Когда мужчине сорок лет,
то наложить пора запрет
на жажду удовольствий:
ведь если плоть не побороть,
урчит, облизываясь, плоть —
съесть душу удалось ей.
И плоти, в общем-то, кранты,
когда вконец замуслен ты,
как лже-Христос, губами.
Один роман, другой роман,
а в результате лишь туман
и голых баб – как в бане.
До сорока яснее цель. —
До сорока вся жизнь как хмель,
а в сорок лет – похмелье.
Отяжелела голова.
Не сочетаются слова.
Как в яме – новоселье.
До сорока, до сорока
схватить удачу за рога
на ярмарку мы скачем,
а в сорок с ярмарки пешком
с пустым мешком бредем тишком.
Обворовали – плачем.
Когда мужчине сорок лет,
он должен дать себе совет:
от ярмарки подальше.
Там не обманешь – не продашь.
Обманешь – сам уже торгаш.
Таков закон продажи.
Еще противней ржать, дрожа,
конем в руках у торгаша,
сквалыги, живоглота.
Два равнозначные стыда:
когда торгуешь и когда
тобой торгует кто-то.
Когда мужчине сорок лет,
жизнь его красит в серый цвет,
но если не каурым —
будь серым в яблоках конем
и не продай базарным днем
ни яблока со шкуры.
Когда мужчине сорок лет,
то не сошелся клином свет
на ярмарочном гаме.
Все впереди – ты погоди.
Ты лишь в комедь не угоди,
но не теряйся в драме!
Когда мужчине сорок лет,
или распад, или расцвет —
мужчина сам решает.
Себя от смерти не спасти,
но, кроме смерти, расцвести
ничто не помешает.
3—4 июля 1972
Роберт Рождественский1932–1994
Возраст
Г. Юшкявичюсу
А мы еще
мотивы молодежные
поем!
А мы еще с тобой – ого! —
такие же, как пре —
жде.
О том, что годы катятся,
по детям узнаем.
Не по своим, а по чужим,
которых видим реже.
Еще по пляжу движемся,
выпячивая грудь.
И чей-то голос, чей-то взгляд
пронзает, как рапира!
Но вечером все чаще
накатывает грусть,
что день
опять закончился,
а в бок
опять вступило.
Нет, мы еще – в порядке!
Нет, мы еще – впол —
не!
Никто из нас не думает
ни о каком покое…
Но говорим друг с другом
(когда наедине)
о женщинах —
все меньше.
Все больше —
о погоде.
Еще мы за застольями
сидим без маеты,
не уставая вроде бы
и даже не пьянея…
Но мельче с каждым годом
газетные шрифты,
А лестницы привычные —
все круче.
И длиннее.
Александр Кушнер1936
«Когда шумит листва, тогда мне горя мало…»

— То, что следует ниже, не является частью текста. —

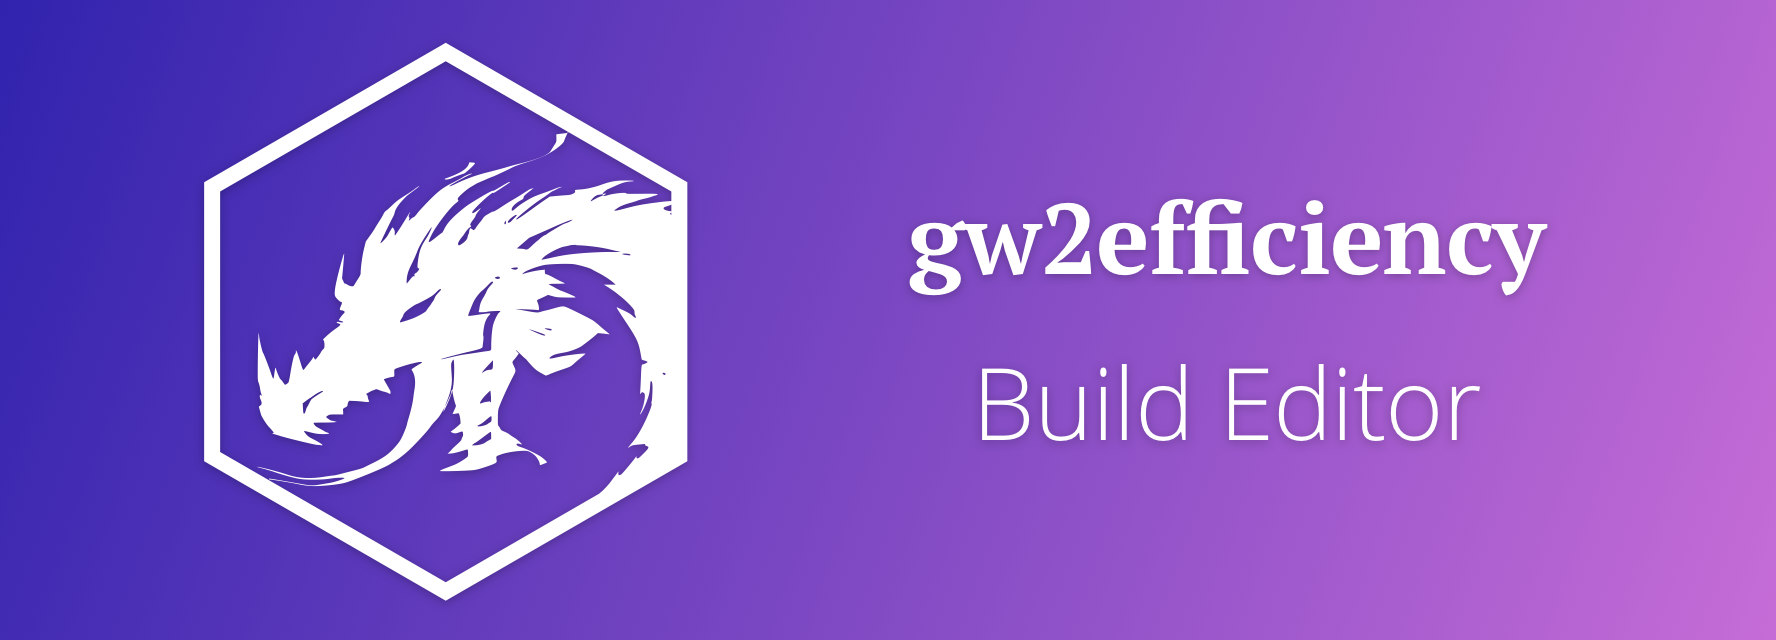 gw2efficiency Build Editor

Когда шумит листва, тогда мне горя мало.
Отпряну, посмотрю на зрелый возраст свой;
Мне лишь бы смысл в стихах листва приподнимала,
Братался листьев шум со строчкой стиховой.
О, как я далеко зашел, как затуманен!
К вечерней ближе я, чем к утренней заре.
Теперь какой-нибудь Филипп Аравитянин
Мне ближе, может быть, чем мальчик во дворе.
Ветрами ли, песком, враждой ли исцарапан,
Изъевшей ли висок частичкой бытия,
Глядит поверх голов солдатский император,
И складочка у губ от горького питья.
Но так листва шумит, что, чем бы ни томила
Жизнь, весело сидеть за письменным столом.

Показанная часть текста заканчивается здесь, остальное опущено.